Nicotrol NS, Nicotrol Inhaler, Commit
Nicorette Gum, Nicorette DS
Habitrol, Nicoderm, Nicotrol, ProStep
Classifications: smoking deterrent; cholinergic;
Therapeutic: smoking deterrent

Pregnancy Category: D (nasal spray, transdermal system); C (gum)


2 mg, 4 mg gum; 2 mg, 4 mg lozenges; 0.5 mg spray; 4 mg inhaler; 7 mg/d, 14 mg/d, 21 mg/d, 5 mg/d, 10 mg/d, 15 mg/d, 11 mg/d, 22 mg/d transdermal patch


Ganglionic cholinergic receptor antagonist that has both adrenergic and cholinergic effects. Include stimulant and depressant effects on the peripheral nervous system and CNS; respiratory stimulation; peripheral vasoconstriction; increased heart rate, contractile force cardiac output, and stroke volume; increased tone and motor activity of GI smooth muscles; increased bronchial secretions (initially); antidiuretic activity.
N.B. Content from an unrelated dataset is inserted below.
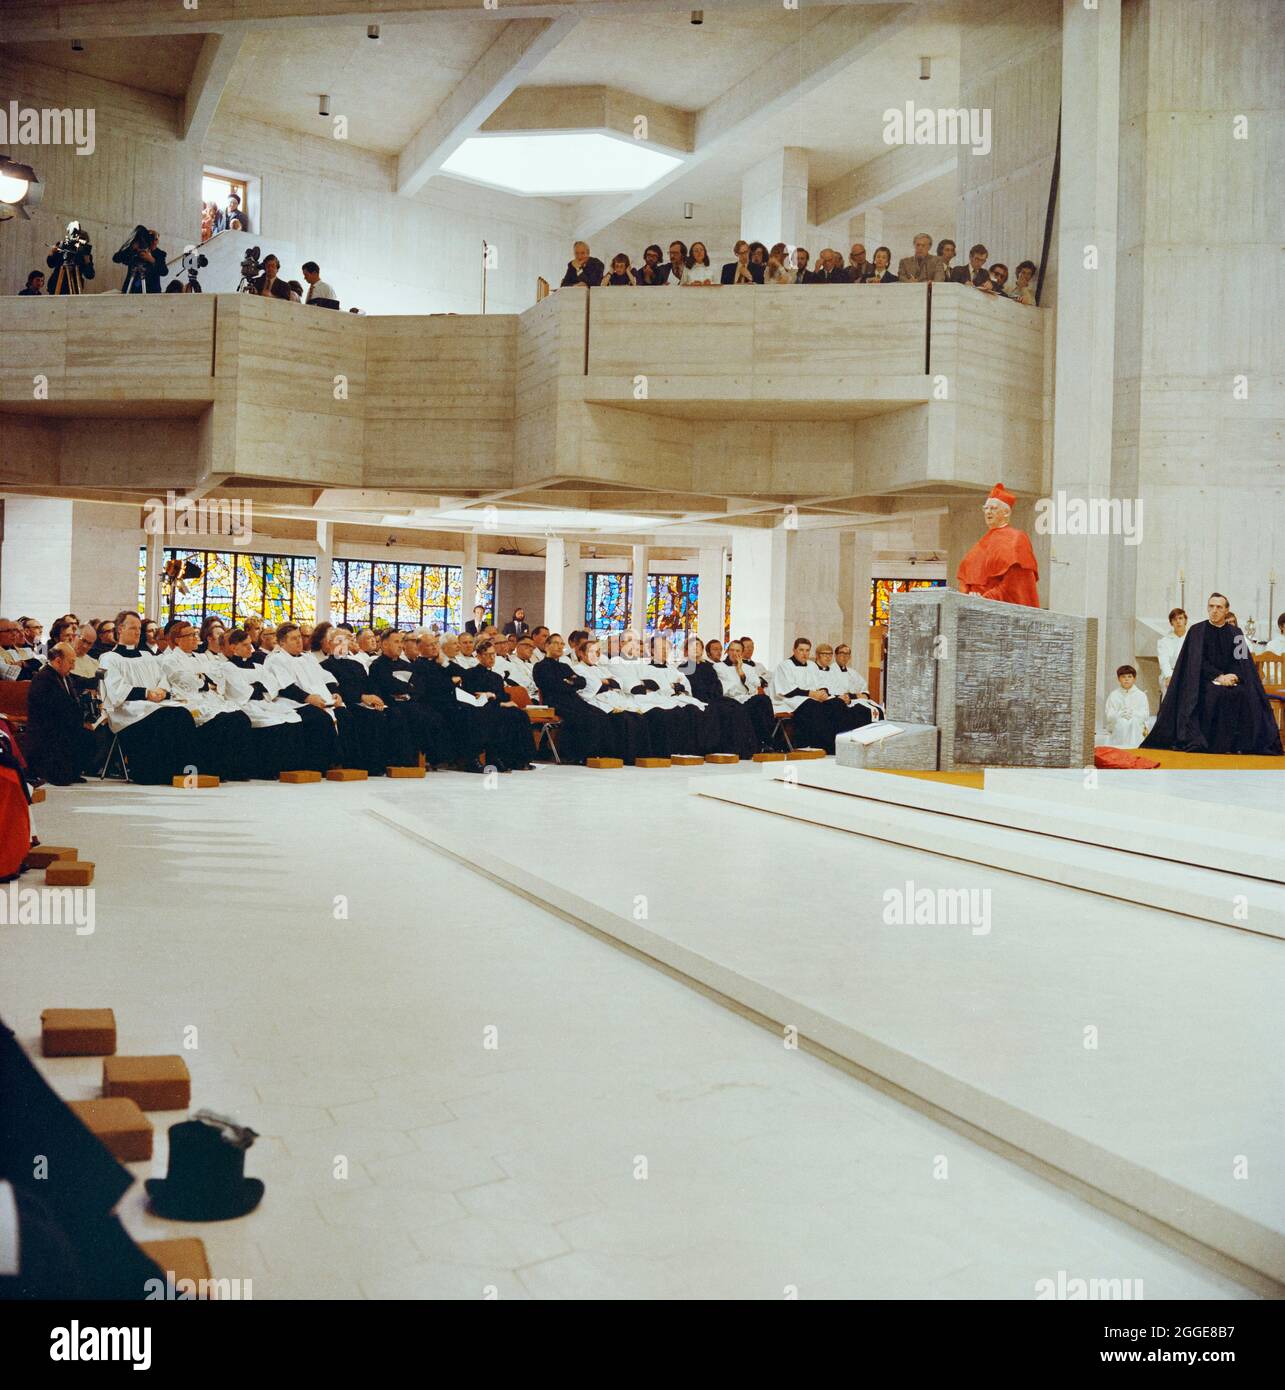 Cardinal John Heenan, Archbishop of Westminster, addressing the congregation in Clifton Cathedral during the consecration ceremony. This Roman Catholic Cathedral was designed by Ronald Weeks, E S Jennett and Antoni Poremba of the Percy Thomas Partnership. It was built by John Laing &amp; Son Limited between 1969-1973 and was constructed using pre-cast concrete panels and in-situ concrete. In 1974 it received the Concrete Award from the Concrete Society. Stock Photo

Heavy smokers are tolerant of these effects.

Therapeutic Effect

Rationale for use of nicotine is to reduce withdrawal symptoms accompanying cessation of smoking. Success rate appears to be greatest in smokers with high "physical" type of nicotine dependence.


In conjunction with a medically supervised behavior modification program, as a temporary and alternate source of nicotine by the nicotine-dependent smoker who is withdrawing from cigarette smoking.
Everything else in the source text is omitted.